Now with Ravello, developers can start up, on-demand, their own copy of the application environment. This means that developers do not have to share development environments anymore, leading to less waiting and higher quality software.
About Deutsche Telekom Hosted Business Solutions
Deutsche Telekom AG (DT) is a telecommunications multinational headquartered in Bonn, Germany. It has over 230,000 employees and generates close to $60 billion in revenue. It operates businesses in various countries worldwide, including mobile telephony (under the T-mobile brand), fixed telephony, broadband Internet and IT Services.
The Hosted Business Solutions (HBS) division has its origins in a 2013 acquisition of the telecommunications startup ChooChee. Under its new name and as part of DT, HBS is tasked with the development and roll-out of a next-generation cloud-based telephony service targeted at small and medium businesses.
Requirements for the Cloud Telephony Service
HBS designed the platform for its cloud telephony service on two pillars: extreme agility and rock-solid quality of service.
"The cloud telephony market for SMEs is extremely hot." explains Paul Sebastien, CMO at DT-HBS. "A lot of innovation is happening, and many players are entering this market. We need a platform that allows us to rapidly create new services and enter new markets, depending on how the market develops, and we need to do this faster than our competitors. Therefore extreme agility is an absolute must."
Ram Akuka, Director of DevOps at DT-HBS adds "Cloud telephony puts unique requirements on the underlying infrastructure. For example, consistent low latency is essential to call quality. This makes it impossible to host our production in a traditional public cloud. So instead, we implemented a private cloud combining DevOps technologies such as configuration management and Continuous Integration and Continuous Deployment, with an enterprise architecture. It is a 'best of both worlds' platform."
Overview of the Cloud Telephony Platform
The HBS private cloud runs on VMware vSphere and Apache CloudStack. It spans 3 locations: two production locations hosted with Equinix on the US east and west coast, and a dev/test location in the HBS office in Mountain View, CA.
The telephony application itself is a complex multi-tier application containing multiple VMs and various high-end physical network appliances, including appliances from F5 Networks, Brocade, Palo Alto Networks and Acme Packets (now owned by Oracle). The application consists of two independent parts, called "BSS" and "OSS". The BSS component is responsible for the end-user interaction, while the OSS component is responsible for handling the actual VoIP traffic. The VMs and hardware appliances isolated in multiple network tiers to provide for separation of traffic and QoS.
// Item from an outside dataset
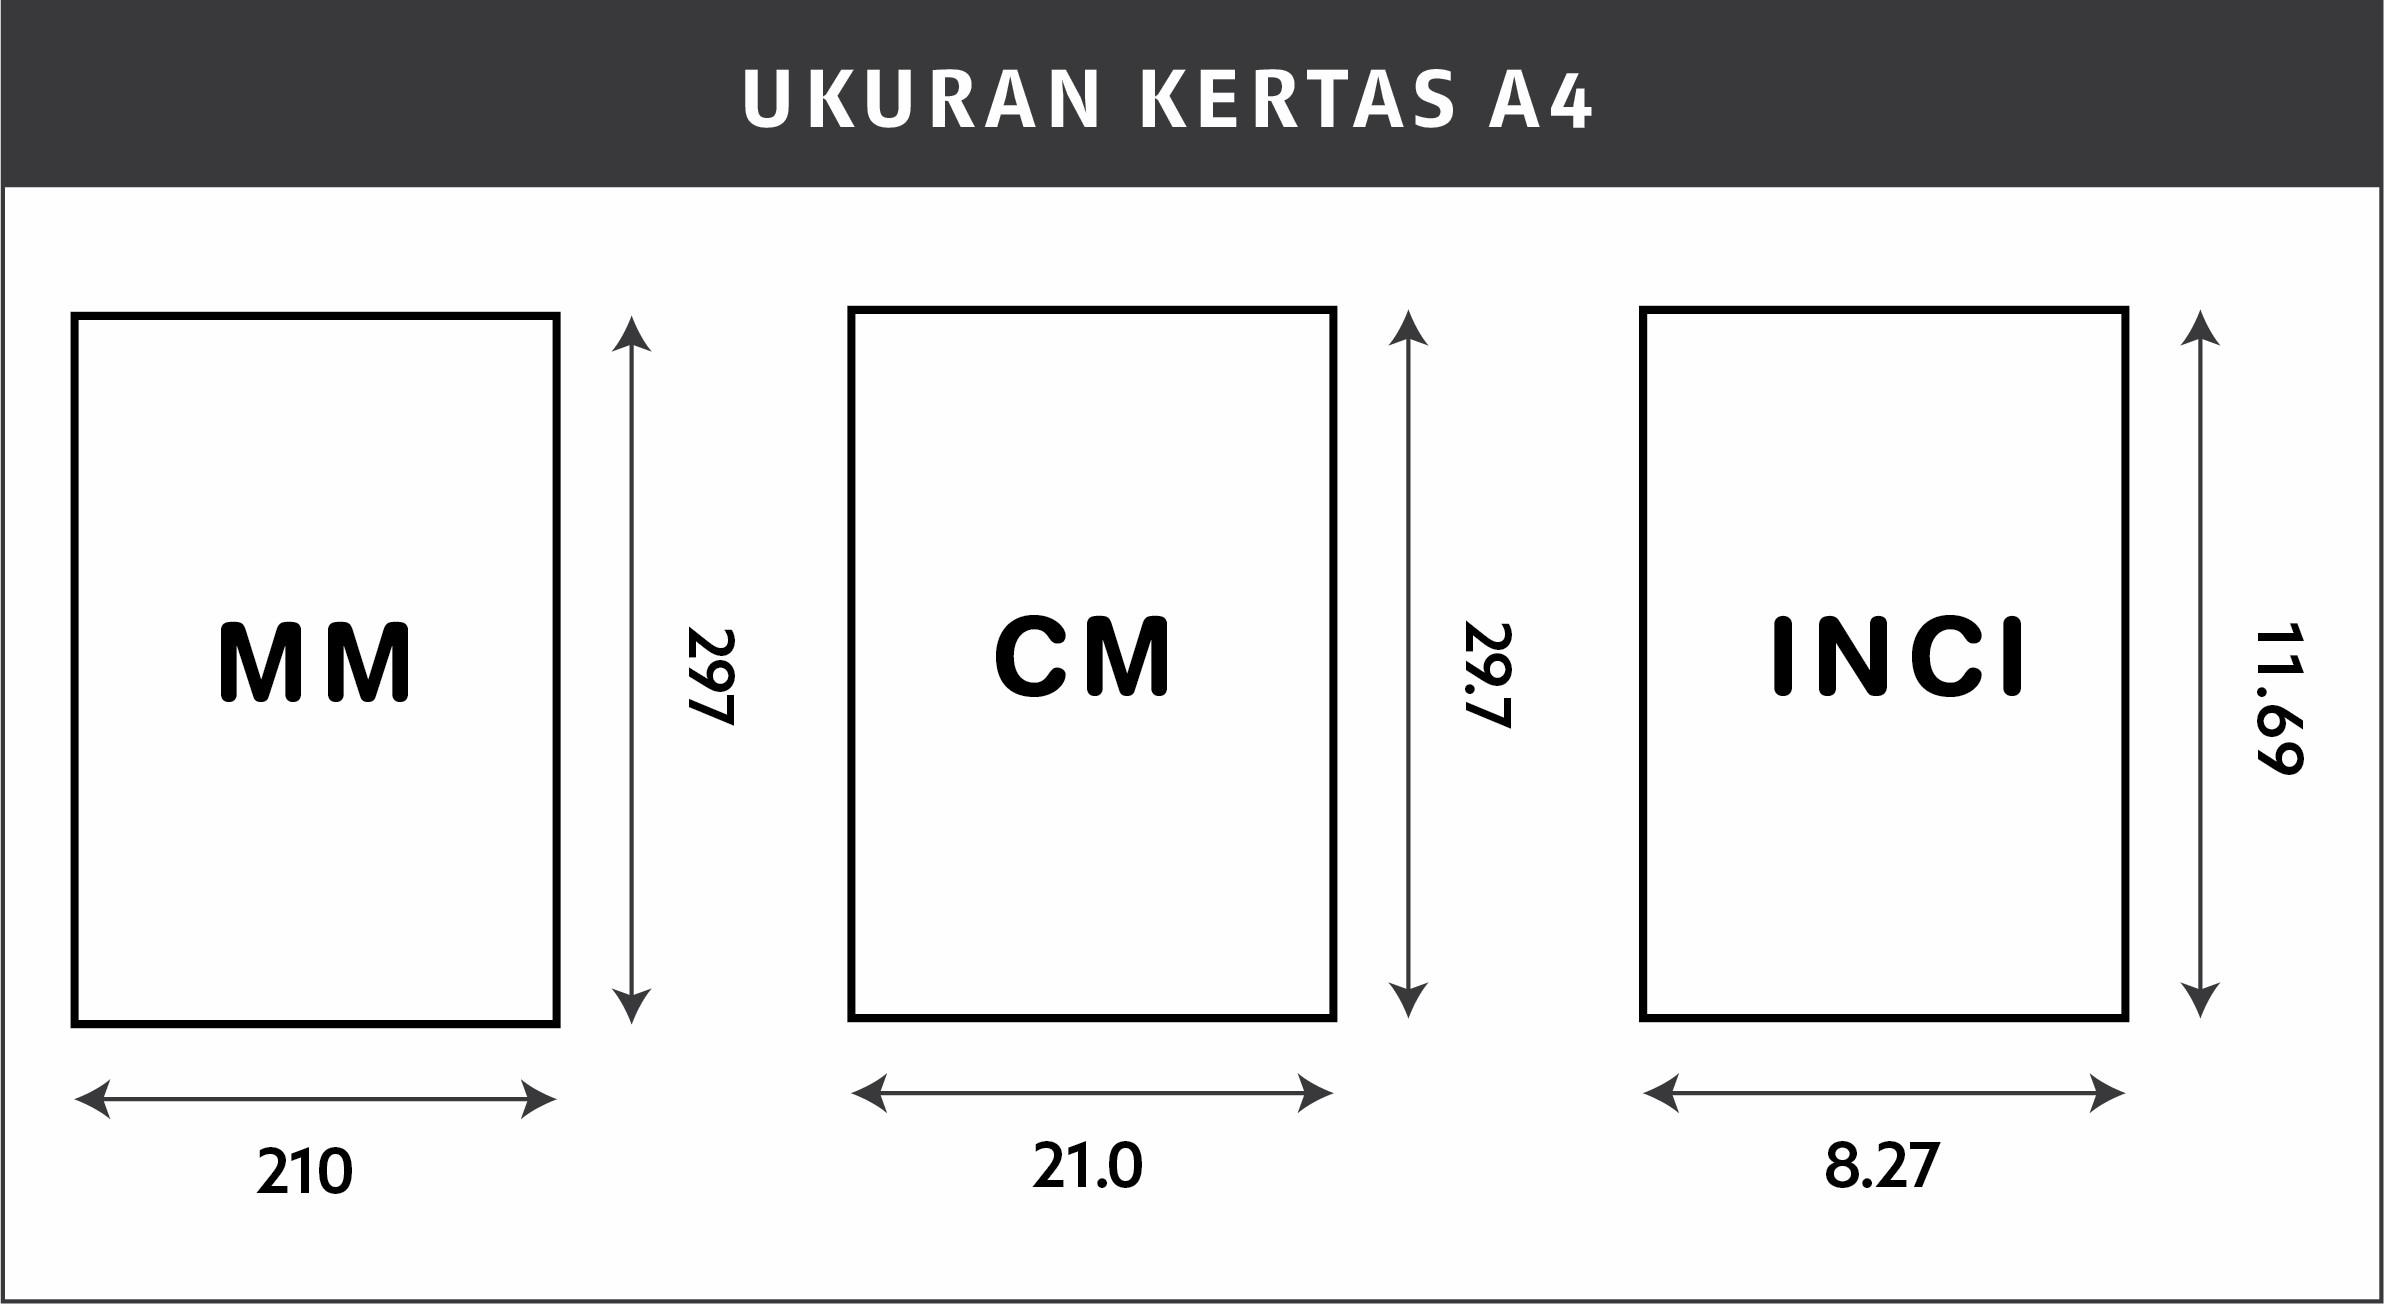 Ukuran kertas A4 dalam mm, cm, dan inci

At any given time, multiple instances of the application are running. In addition to the production instances, there are instances for development, unit testing, integration and staging.
Configuration Management with Chef
All configuration in the each of the application instances is managed with Chef. This includes the typical system configuration such as user accounts and services configuration on virtual machines, but also the configuration of the routers, firewalls, load balancers, and even the DNS.
Continuous Integration / Continuous Delivery with Jenkins
HBS deploys application and OS updates using a fully automated CI/CD pipeline. Jenkins, the well-known open source integration server, drives this pipeline. It monitors the central Git repository, and as soon as a new commit is detected, it will build the software. The result of this build stage is a set of Debian packages that are copied to a central package repository.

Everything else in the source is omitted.